__WORK ORDER__
Would you set down the data that follows, word for word, without any pictures?

____ PROVIDED MATERIAL

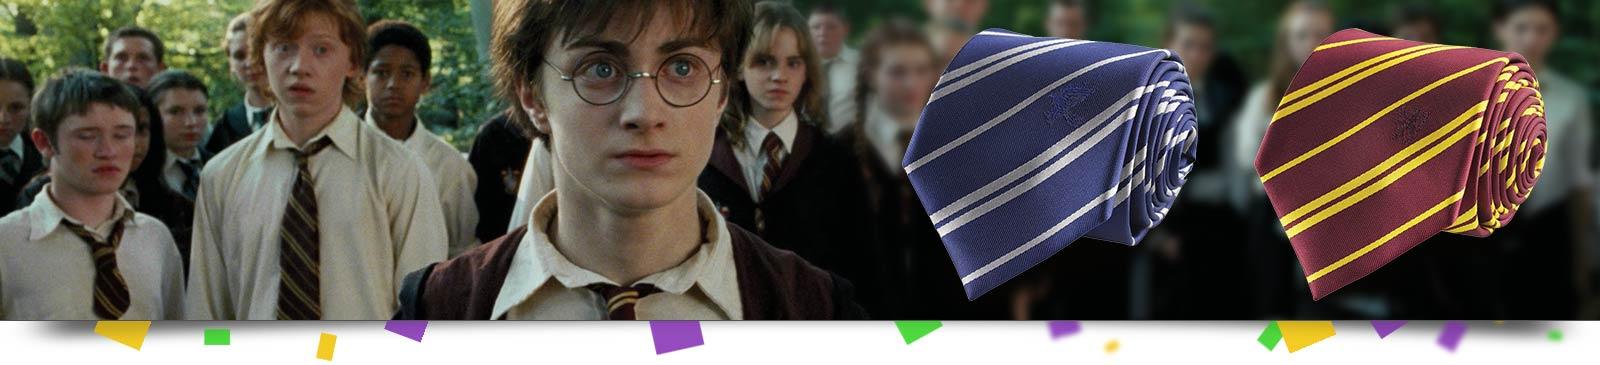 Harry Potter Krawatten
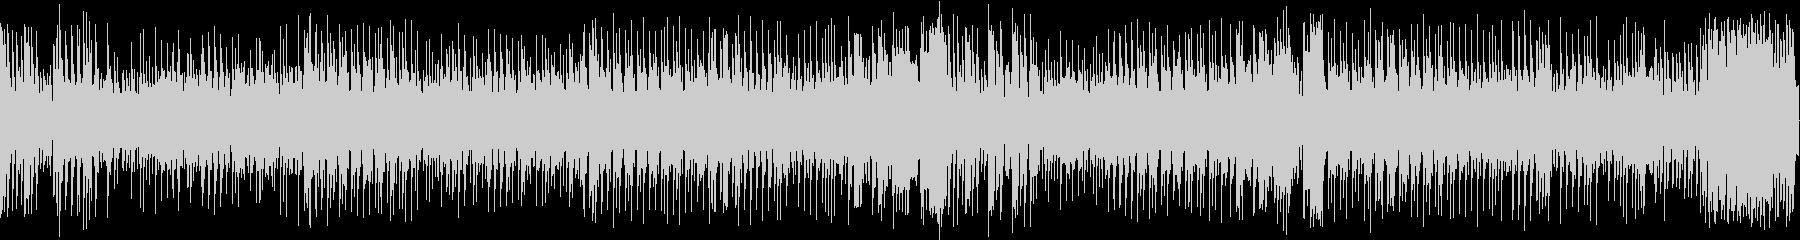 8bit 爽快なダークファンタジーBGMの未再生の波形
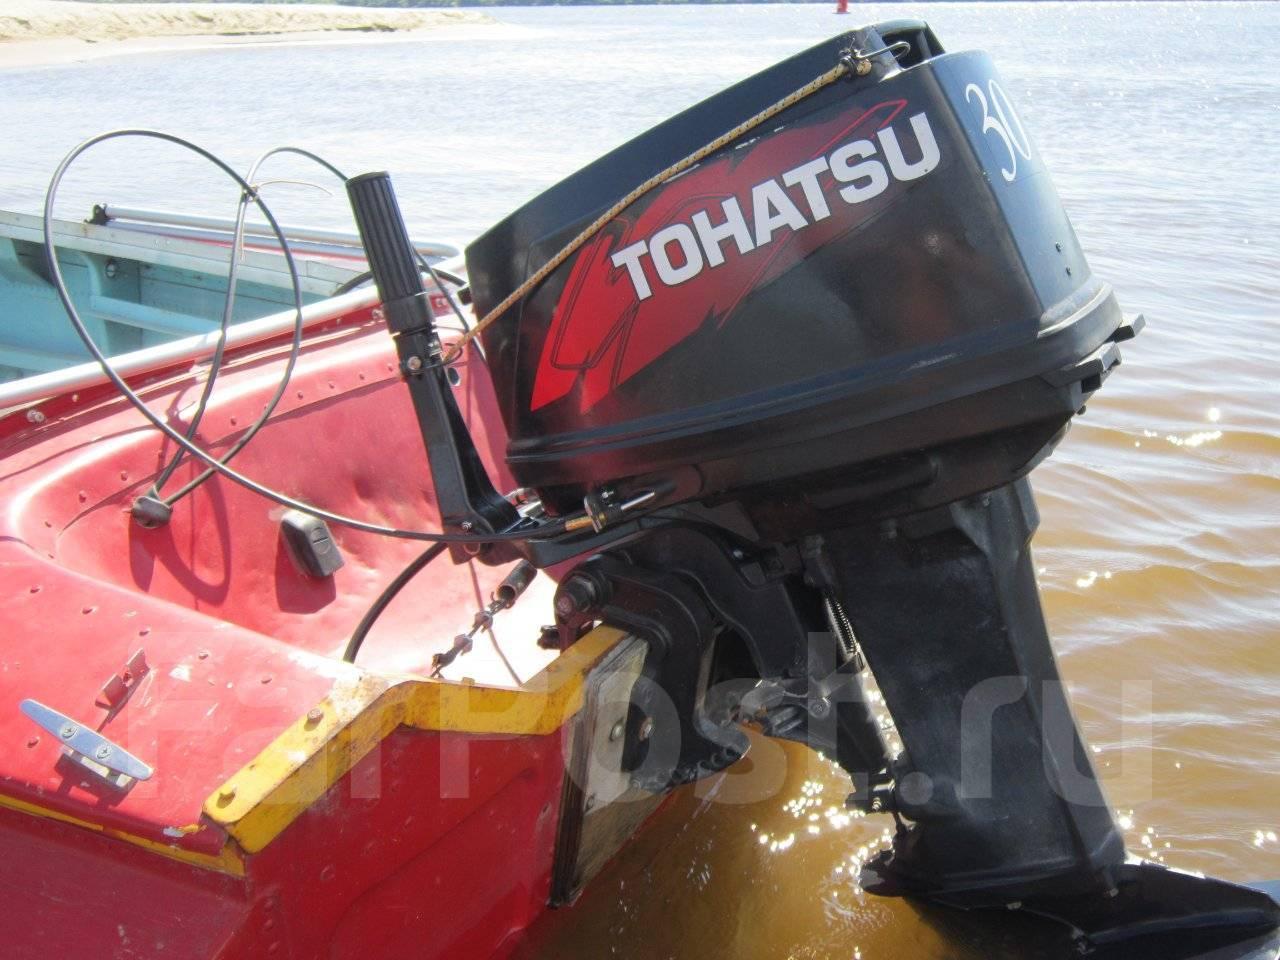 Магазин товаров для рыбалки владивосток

________

__EXERCISE RESULT__
 Harry Potter Krawatten
 8bit 爽快なダークファンタジーBGMの未再生の波形
 Магазин товаров для рыбалки владивосток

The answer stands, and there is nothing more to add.